Let’s look at this proposal from a boater’s perspective. Imagine coming out to the lake on a weekend afternoon in the summer time. The boat ramp parking lot is well-maintained with new asphalt, no potholes, and freshly painted lines. There is no trash anywhere to be seen, and there is a clean portable toilet. There is no line to launch because the ramp isn’t overcrowded. There are no swimmers in the water because local law enforcement is adequately funded to patrol the area frequently enough to remove them from the area, and because they are no longer stuck performing traffic control. After launching, there is a parking spot readily available. When leaving for the day, again there is no line to recover the boat from the water, and there are no swimmers in the water. There is a half-filled dumpster ready for all trash, and a clean portable toilet.
Now let’s look at this from an adjacent landowner’s perspective. Imagine a street without vehicles and boat trailers parked everywhere because local law enforcement is adequately funded to make routine patrols of the area. Imagine a boat ramp with no line to launch or recover a boat. Since you live locally, you won’t even have to pay for a parking spot because you can park at your house.

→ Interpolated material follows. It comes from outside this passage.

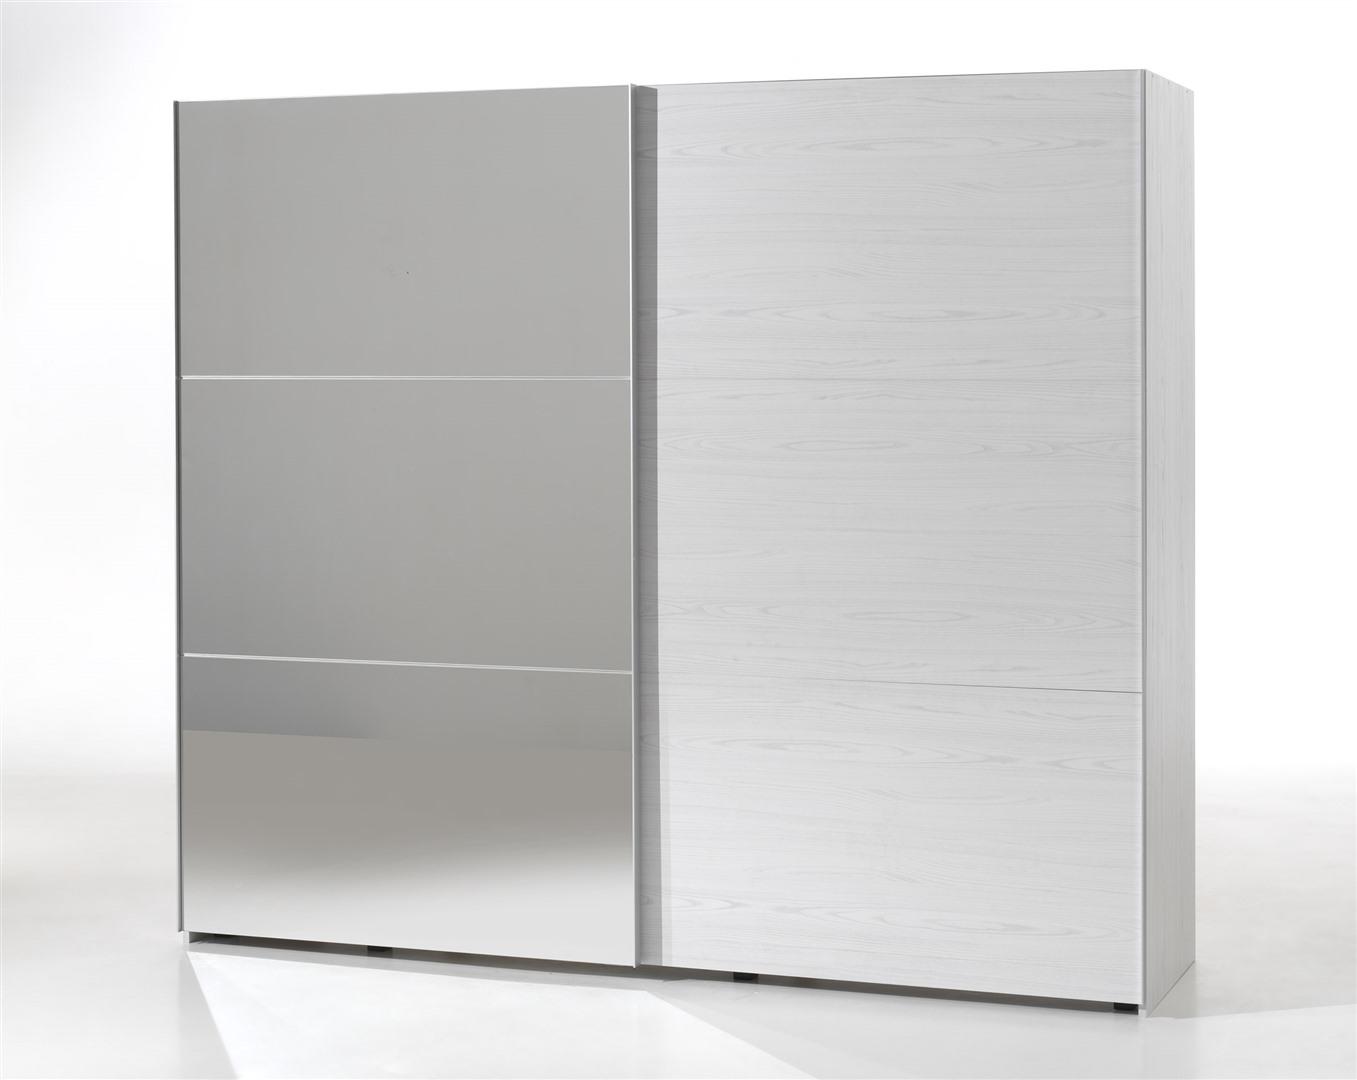 Kleerkast Met Spiegel : Kleerkast cm schuifdeuren spiegel krea

Now let’s look at this from the Comal County taxpayer’s perspective. Imagine the boat ramps as a self-sufficient, or perhaps even income-producing, asset that reduces everyone’s tax liability because funds that were once used to pay for the operation and maintenance of these ramps can now be diverted elsewhere.
I encourage all Comal County residents and policymakers to read “The High Cost of Free Parking” by Donald Shoup.
As a Canyon Lake resident I welcome a sensible resolution to this problem.